Use `arag create spec <destination>` to generate a template `.arag-json` file at the destination, then modify it:

```json
{
    "arag_name": "myarag",
    "arag_dest": "./myarag.arag",
    "content_include": ["file1.txt", "dir/docs"],
    "clean_content": true,
    "chunk_size": 8192,
    "index_method": "openai",
    "index_model": "text-embedding-3-small",
    "api_key": "YOUR_API_KEY",
    "openai_endpoint": "https://api.openai.com/v1",
    "arag_version": "0.1.0",
    "should_package": true,
    "remove_arag_dir": true
}
```

Run `arag create from-spec <.arag-json-path>` to build the `.arag` file.

### Examples

1. **Full Workflow**:
   ```bash
   # Create an arag directory
   arag create dir myarag ./data
   # Open the arag directory in interactive mode
   arag open ./data/myarag-arag
   # Add content
   content add document.pdf
   # Corpify
   content corpify --clean
   # Index locally
   index --method local
   # Package the file and remove this directoru
   package --remove-original
   # Open the .arag file
   arag open ./data/myarag.arag
   # Query
   query "important info"
   ```

2. **Using a Spec File**:
   ```bash
   arag create spec myarag.arag-json

   # Edit myarag.arag-json as needed
   nano myarag.arag-json

   arag create from-spec myarag.arag-json
   ```

## File Structure

An `arag` directory/file has the following structure:

- `content/`: Stores raw files and directories.
- `content_list.txt`: Lists all files in `content/`.
- `corpus.db`: SQLite database with chunked content & vector embeddings.
- `index.json`: Metadata about embeddings (method, model, etc.).
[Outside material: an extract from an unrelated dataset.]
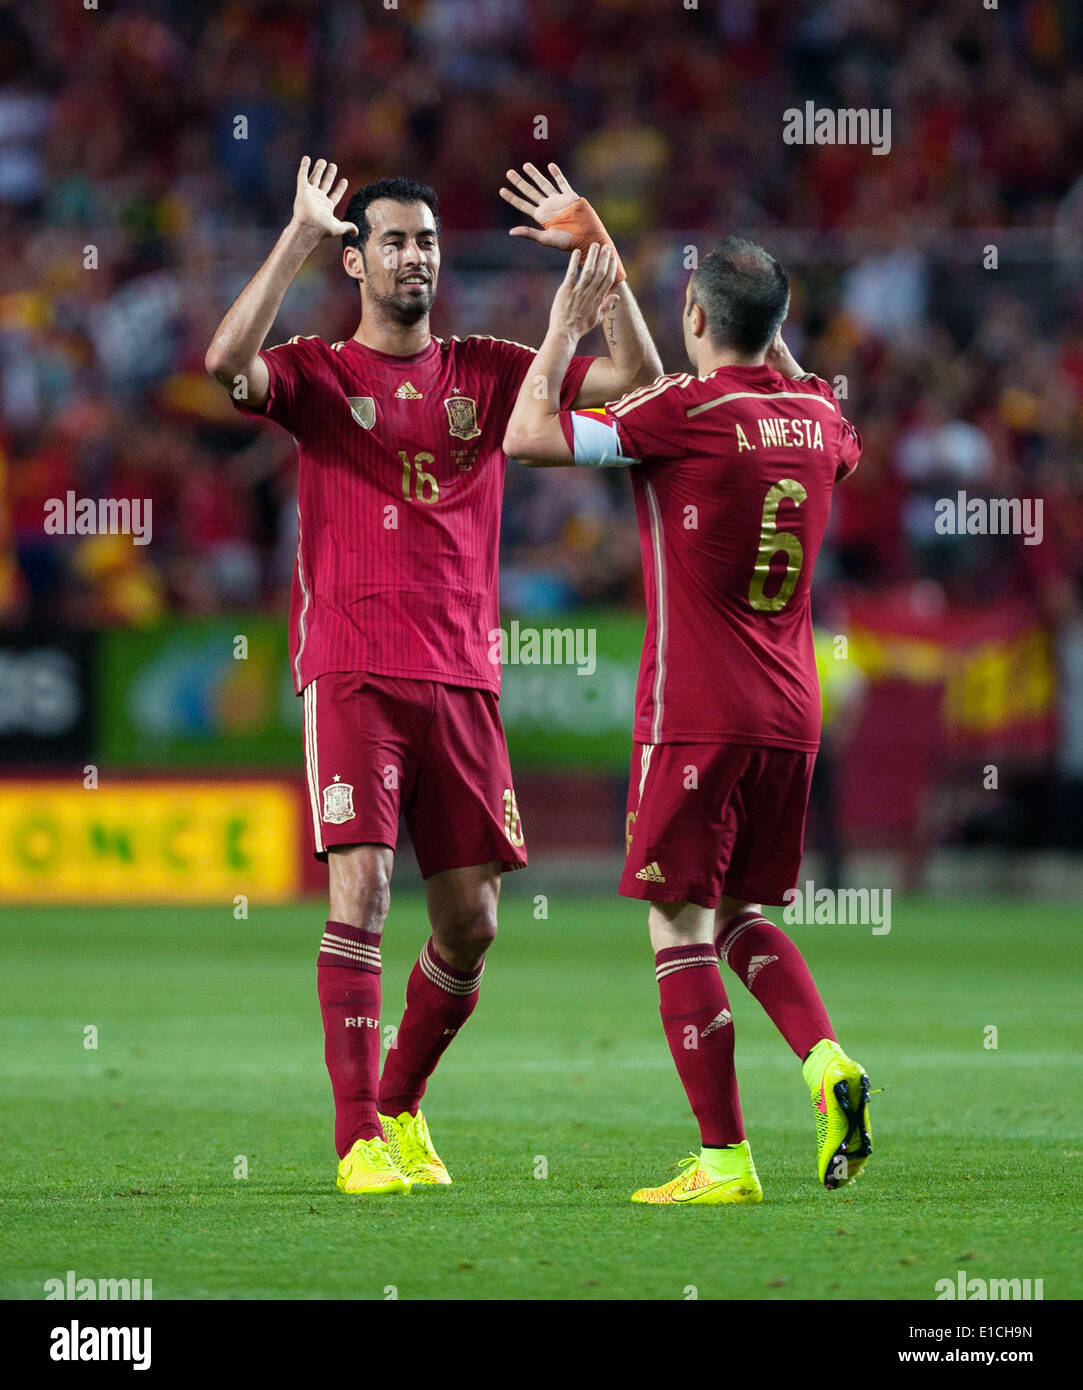 Sevilla. 30th May, 2014. Spain's Andres Iniesta (R) celebrates with teammate after scoring during the international friendly football match against Bolivia in Sevilla on May 30, 2014. Spain won 2-0. © Xie Haining/Xinhua/Alamy Live News Stock Photo

A packaged `.arag` file is a special ZIP archive containing these components. (In a `.arag` file, only the content folder is compressed. The rest is stored directly for direct access.)

## Dependencies

- **Required**:
  - `apsw`: SQLite with custom VFS support.
  - `numpy`: For vector operations.
  - `openai`: For OpenAI embeddings.
  - `pypdf`: For PDF processing.
  - `spire.doc`: For DOCX processing.

- **Optional**:
  - `sentence-transformers`: For local embeddings (`pip install ".[local_embeddings]"`).

Install additional dependencies as needed for specific file types.

## Configuration

- **OpenAI API Key**: Set via `--api-key` or the `OPENAI_API_KEY` environment variable.
- **Embedding Models**: Default models are `sentence-transformers/all-MiniLM-L6-v2` (local) and `text-embedding-3-small` (OpenAI). Override with `--model`.
- **Chunk Size**: Default is 8192 bytes; adjust with `--chunk-size`.

## Contributing

Contributions are welcome! Please:

1. Fork the repository.
2. Create a feature branch (`git checkout -b feature/yourfeature`).
3. Commit changes (`git commit -m "Add your feature"`).
4. Push to the branch (`git push origin feature/yourfeature`).
5. Open a pull request.

## License

This project is licensed under the MIT License. See the [LICENSE](LICENSE) file for details.